The government is currently preparing to extend a state of emergency across much of the nation, originally set to be lifted on May 31, most likely well into June, officials have said, just weeks before the games are set to open on July 23.

But IOC member John Coates has said the Olympics could be held even under a state of emergency, an opinion Ueyama said was infuriating.
“In regards to these statements, the people of Japan are indeed holding great anger towards this, and this is even more the case for health care and medical professionals,” Ueyama said.

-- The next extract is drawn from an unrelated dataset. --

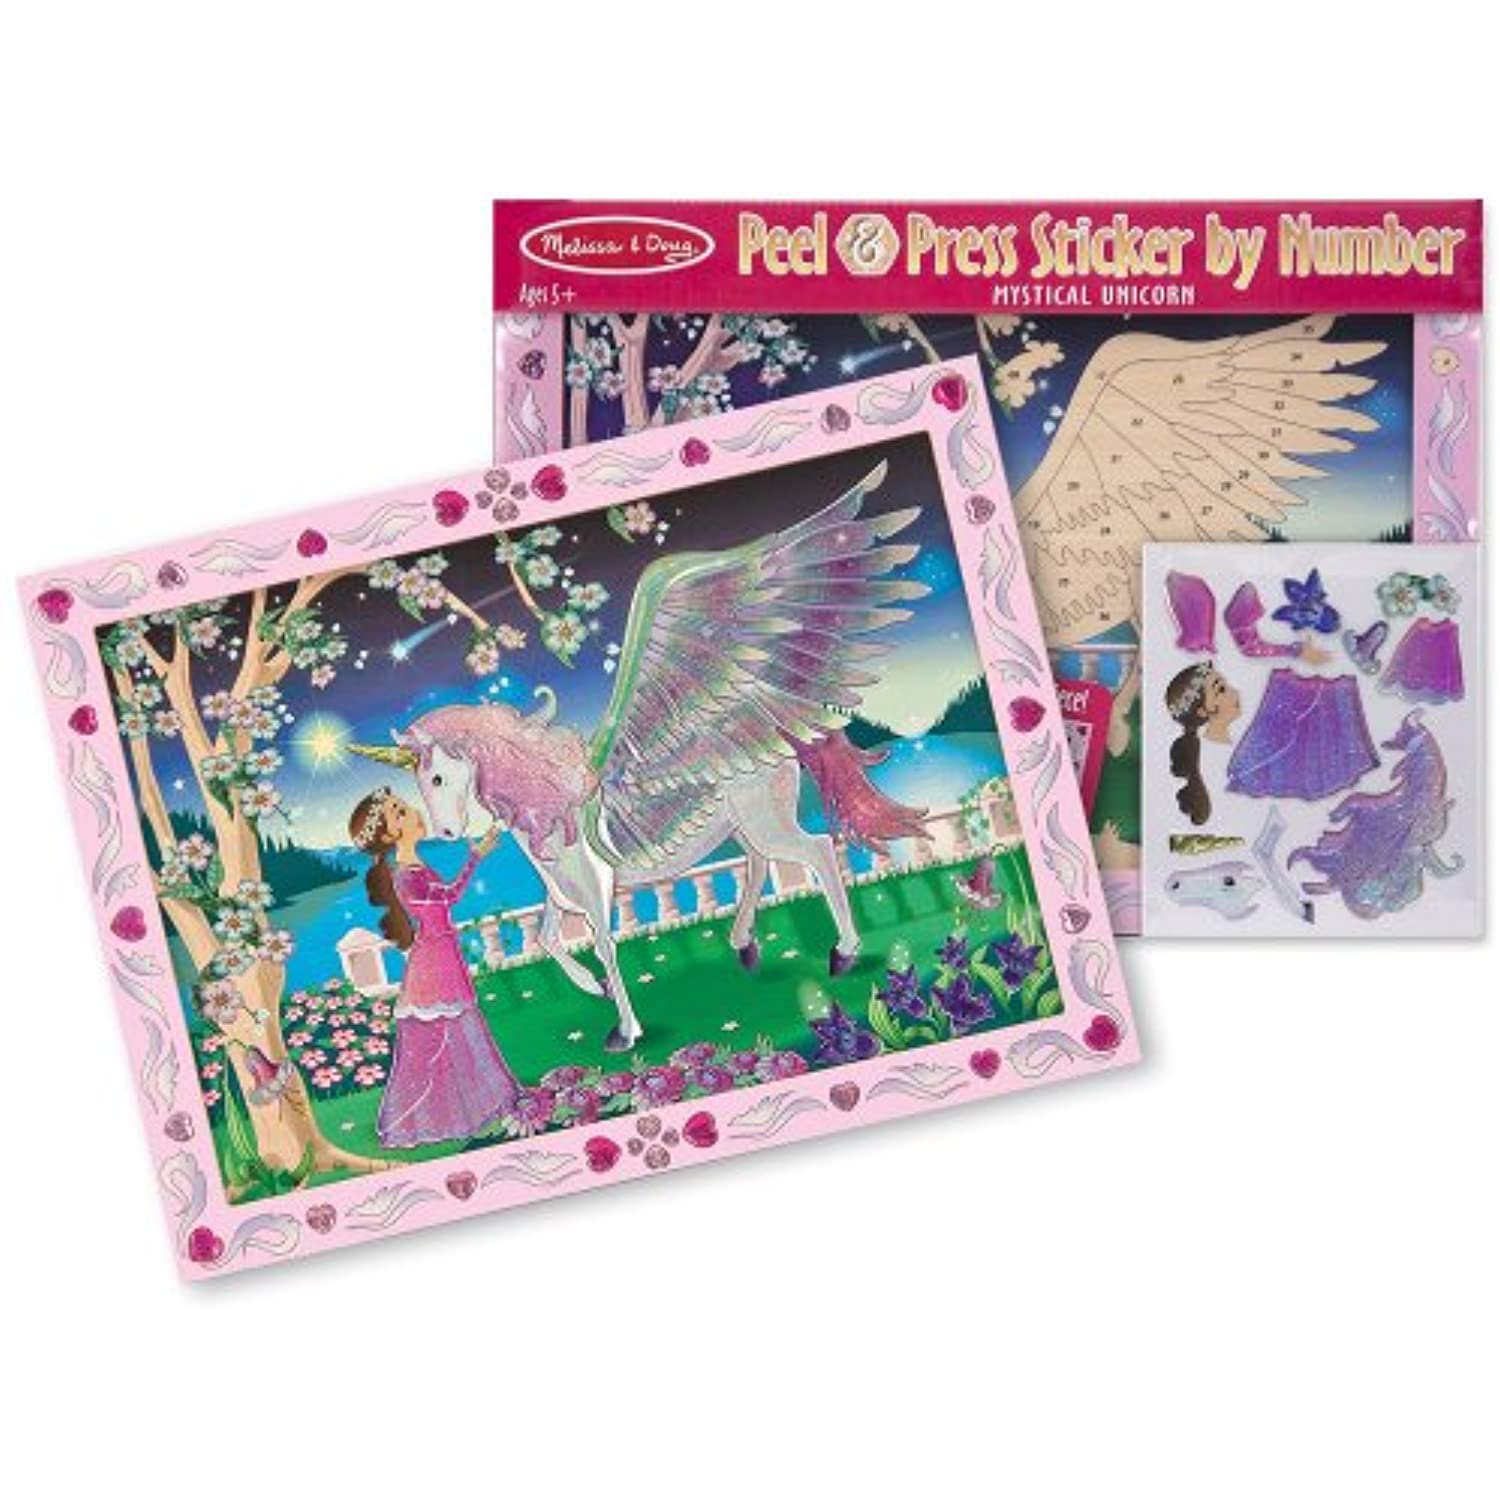 Melissa & Doug Mystical Unicorn: Peel & Press Sticker by Number Series + Free Scratch Art Mini-Pad Bundle [42963]
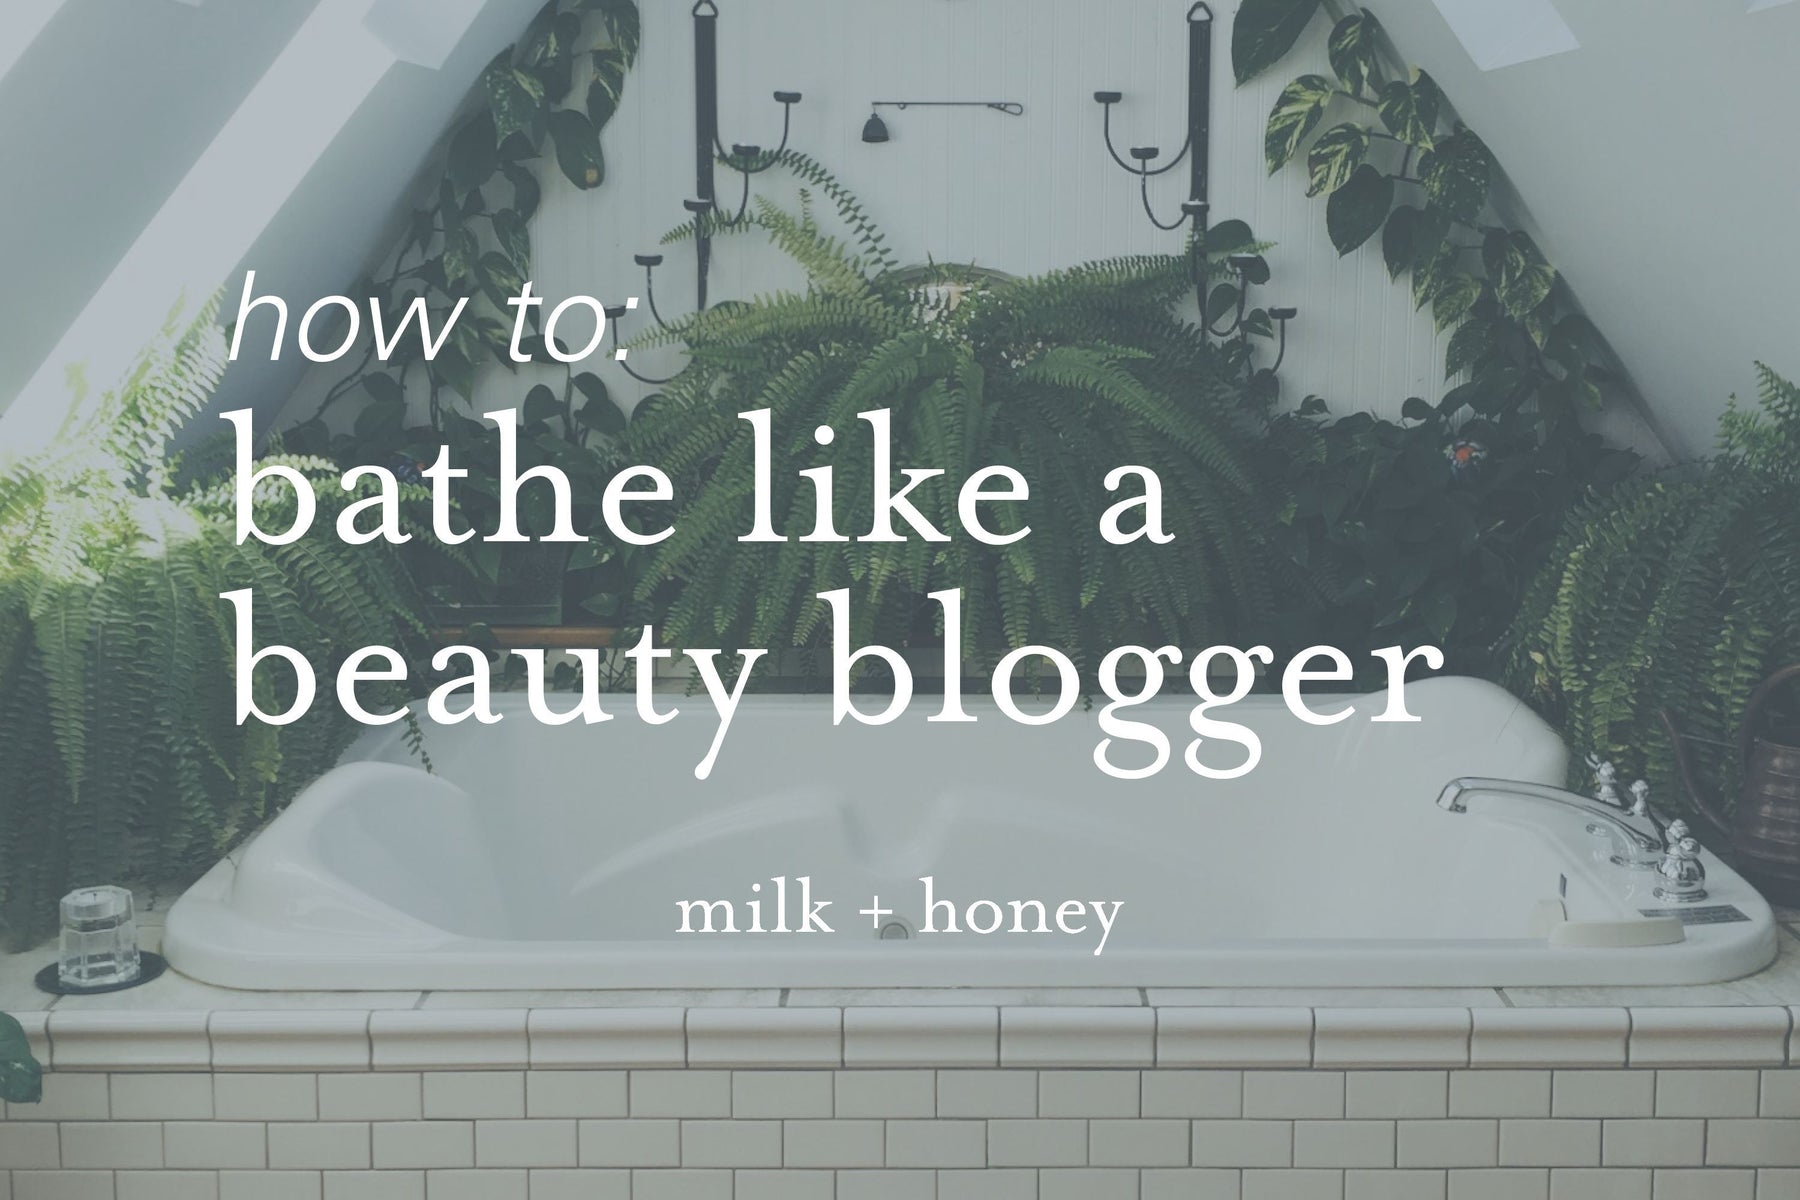 Five-sensory bath, curated by an Instagram beauty blogger | #ArtOfTheBath

Japan’s medical system is currently under extreme stress and officials in some areas worry about potential additional strains from the games. In hard-hit Osaka, for example, 96% of the 348 hospital beds reserved for serious COVID-19 cases were in use last week.

Earlier this week the United States advised against travel to Japan, but Olympics organizers have said this will not affect the games. The White House on Wednesday said it had been assured by the Japanese government that it would keep in close contact about concerns over the Olympics.

Chief Cabinet Secretary Katsunobu Kato said Japan would continue making every effort to control the virus irrespective of the Olympics.
In a sign of how uncertain the situation remains, however, Australia’s major sports leagues and Olympic hopefuls were left scrambling Thursday to make contingency plans after authorities announced a seven-day lockdown in the southern state of Victoria, to contain a COVID-19 outbreak in Melbourne.